Given data START

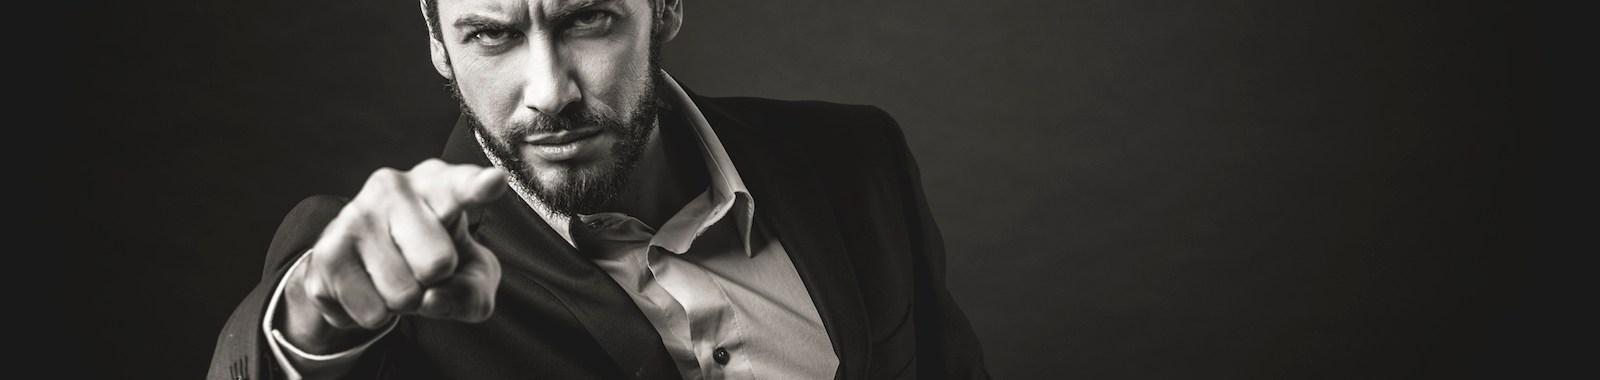 Aggressive businessman pointing finger against dark background
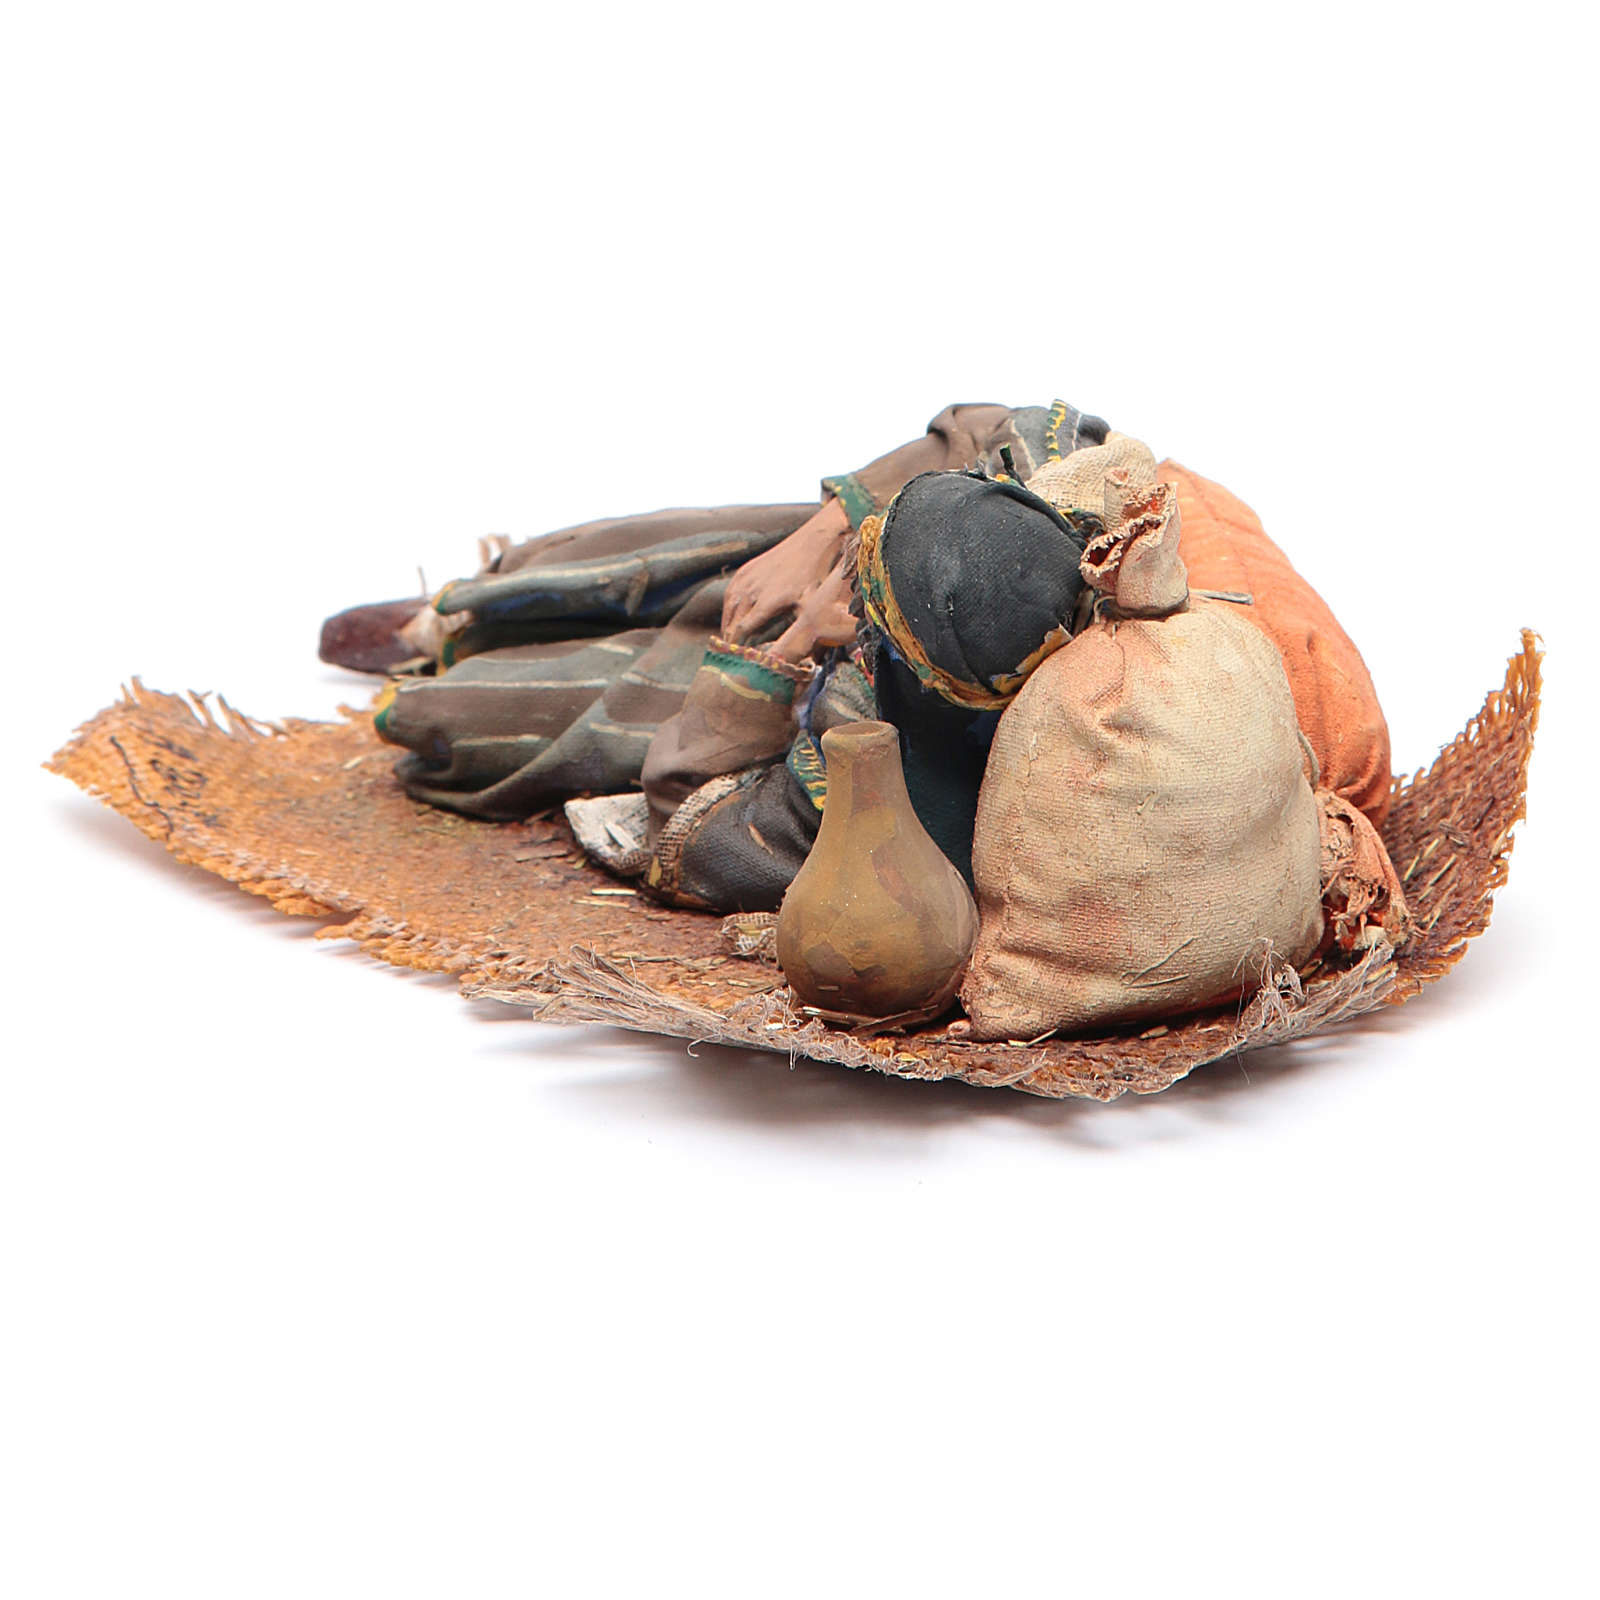 Pastore dormiente sul fianco 18 cm Angela Tripi 4
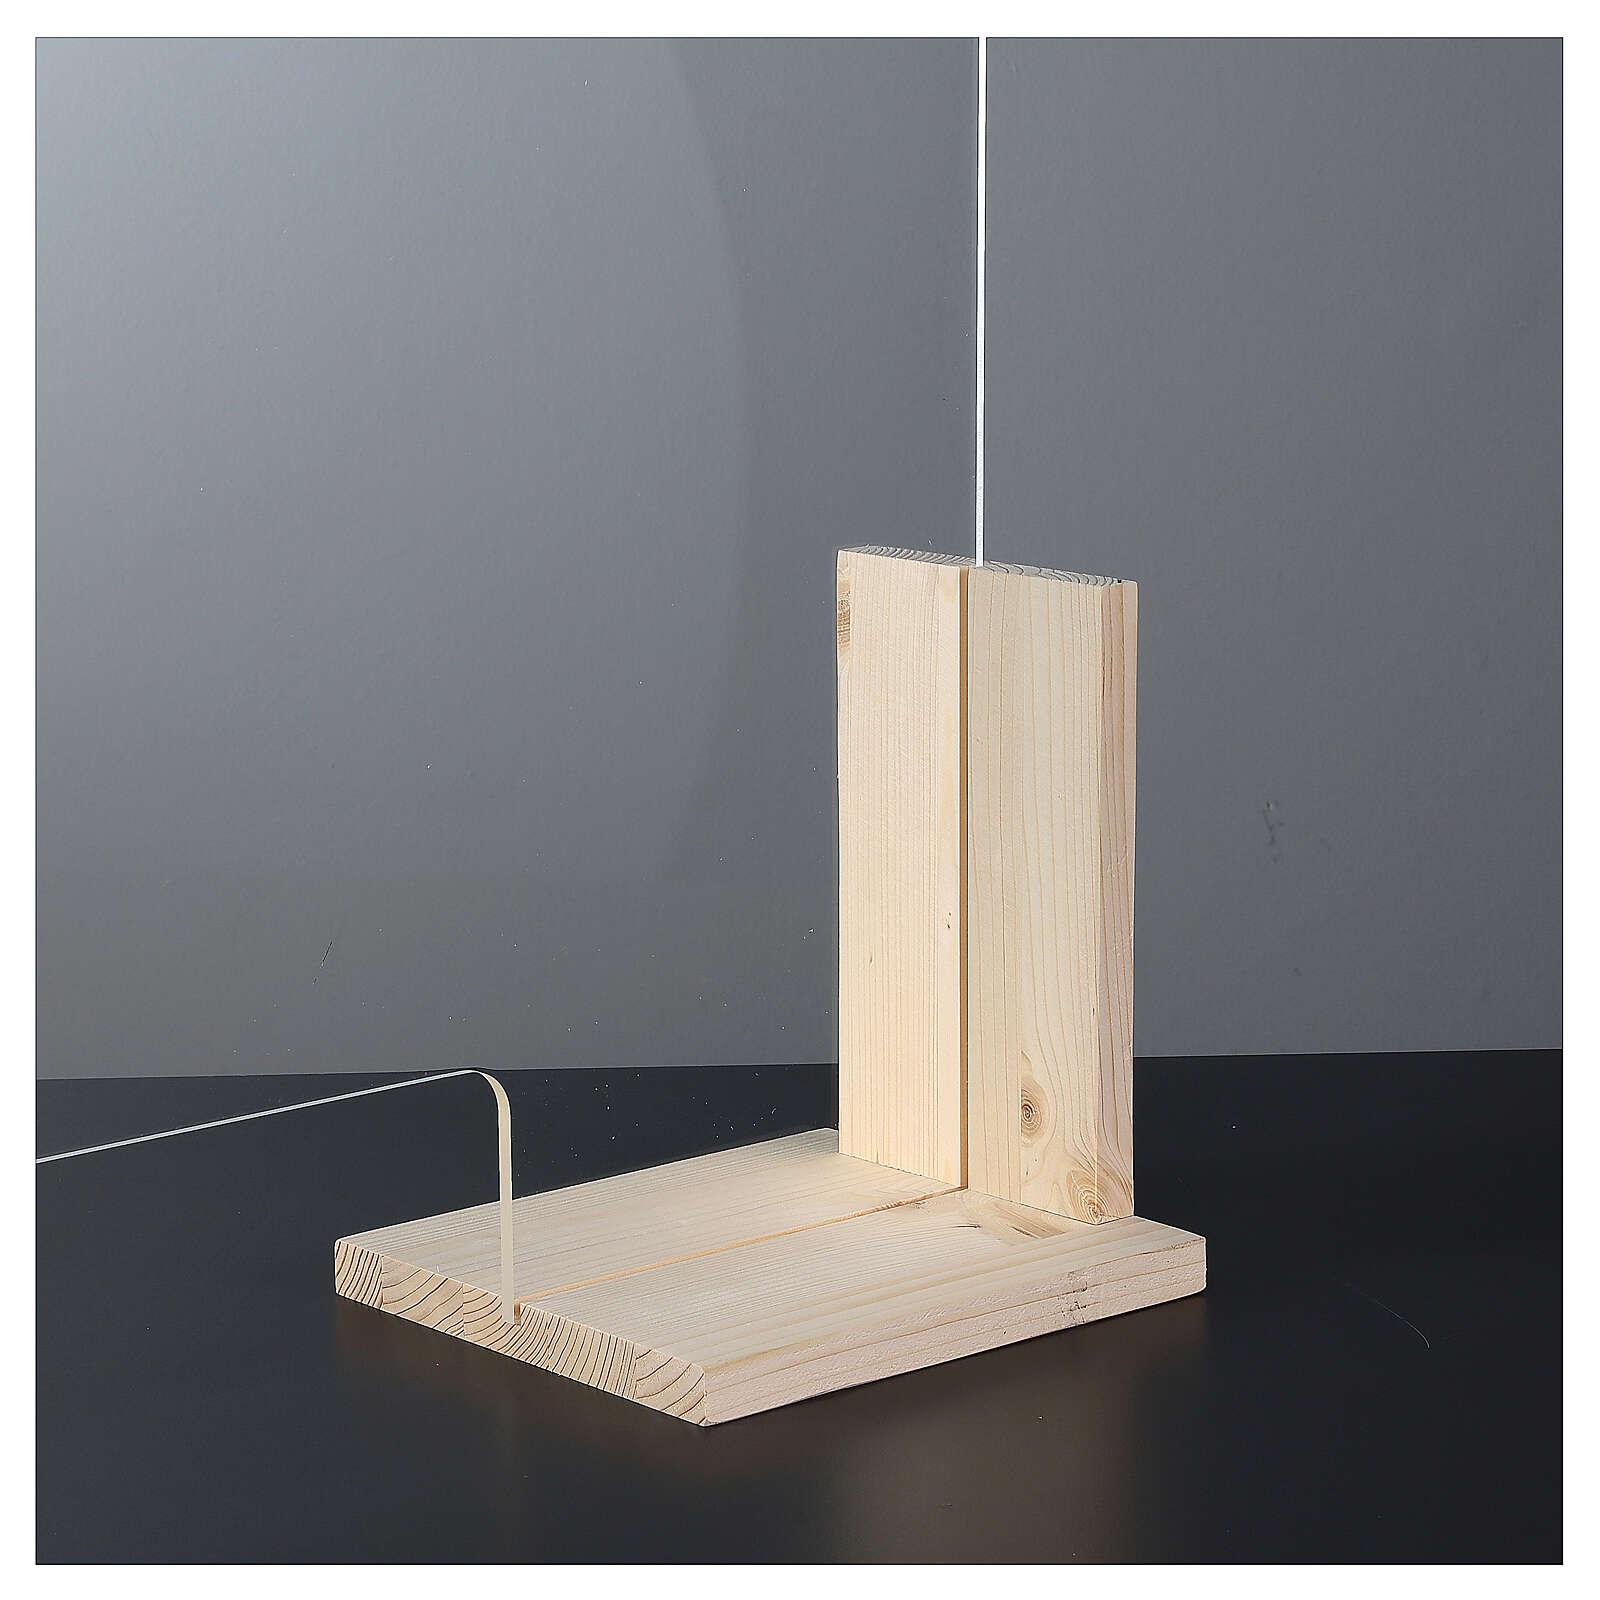 Plexiglass screen Wood Design h 65x95 cm- cutout window h8x32 cm 3

Given data END

Starting with the line that contains "Pastore dormiente sul", give the lines again exactly as they appear through the last line of the data, pictures excluded.

 Pastore dormiente sul fianco 18 cm Angela Tripi 4
 Plexiglass screen Wood Design h 65x95 cm- cutout window h8x32 cm 3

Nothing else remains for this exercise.